What we have is a lexical rule for determining what scope names inside 
functions belong to. Roughly something like this:

- every undotted name inside a function belongs to exactly one scope;

- if there is a global or nonlocal declaration, that takes precedence;

- otherwise, any binding operation to that variable anywhere in the
  function, even in unreachable code, forces the variable to belong to 
  the local scope;

- otherwise, if there is an enclosing function, and there is a local 
  with that name in the enclosing function, then the name in the nested
  function belongs to the enclosing scope;

- otherwise it's a global/builtin.

As a consequence of having scopes determined lexically, the compiler is 
free to optimize for fast local lookups, and use different byte codes 
for each lookup. In CPython 3.8:

    LOAD_NAME    # globals, builtins and class scope
    LOAD_GLOBAL  # globals and builtins
    LOAD_DEREF   # closures and nonlocals
    LOAD_FAST    # locals
    LOAD_CONST   # literals and certain other constants

Other implementations might not use the same lookup mechanisms, so long 
as the keep the same semantics.


> It seems that there is no way to modify locals once the function is
> compiled (this is probably due to the fact that locals are optimized as
> a static array?). For example:
> 
>     >>> x = 1
>     >>> def foo():
>     ...     exec('x = 2')
>     ...     print(x)
>     ...
>     >>> foo()
>     1

Not without byte-code hacking.

As you point out, in Python 2 it prints 2, not 1, because the 
interpreter took extraordinary efforts to make it work that way. I don't 
remember all the details but it was confusing and hardly anyone used it 
except by accident (which made it even more confusing) and so it was 
taken out in Python 3.

The reason it doesn't work in Python 3 isn't because of the static array 
optimization. exec() could modify the static array (in CPython, it 
doesn't, but it could). Jython has no such static array, but if and when 
Jython 3 is available, it too should print 1 rather than 2.
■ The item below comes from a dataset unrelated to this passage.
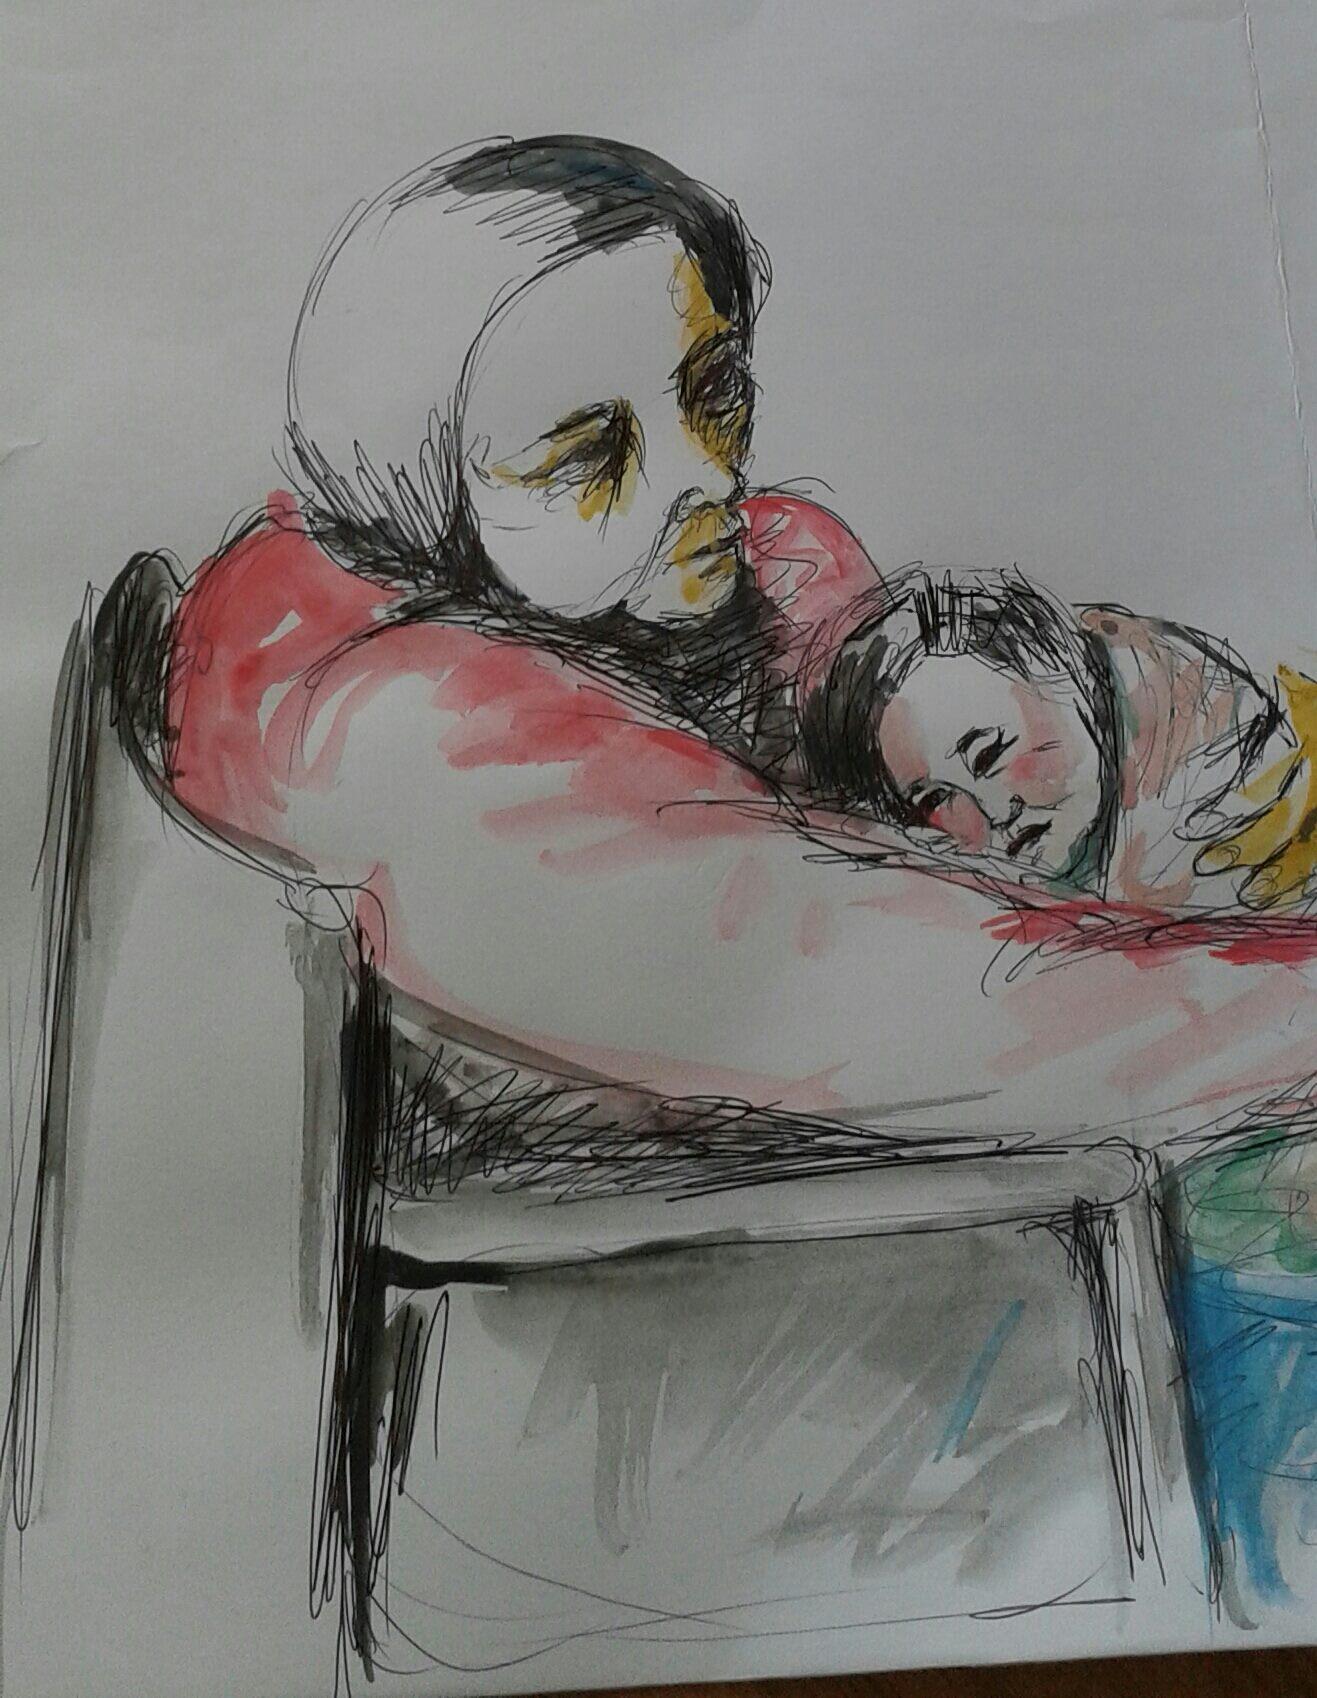 הורי – ציפורה בראבי by tsipi baravi - Illustrated by ציפורה בראבי - Ourboox.com

The reason for Python's behaviour is that according to the lexical rule, 
the lack of any assignment to x means that x is treated as a 
global/builtin, not a local. Even if the exec() succeeded in creating a 
local variable x with value 2, we have no way to tell the compiler to 
look up x in the local scope. (Except by doing it manually.)

So hypothetically, this could work in a legal Python 3 interpreter:

    x = "in the global scope"
    def spam():
        exec('x = "in the local scope"')
        print(x)
        print(locals()['x']

    # prints
    in the global scope
    in the local scope

Although it doesn't work in CPython 3, it might work in some future 
Jython 3 or other interpreters where modifications to locals() are 
reflected in changes to local variables.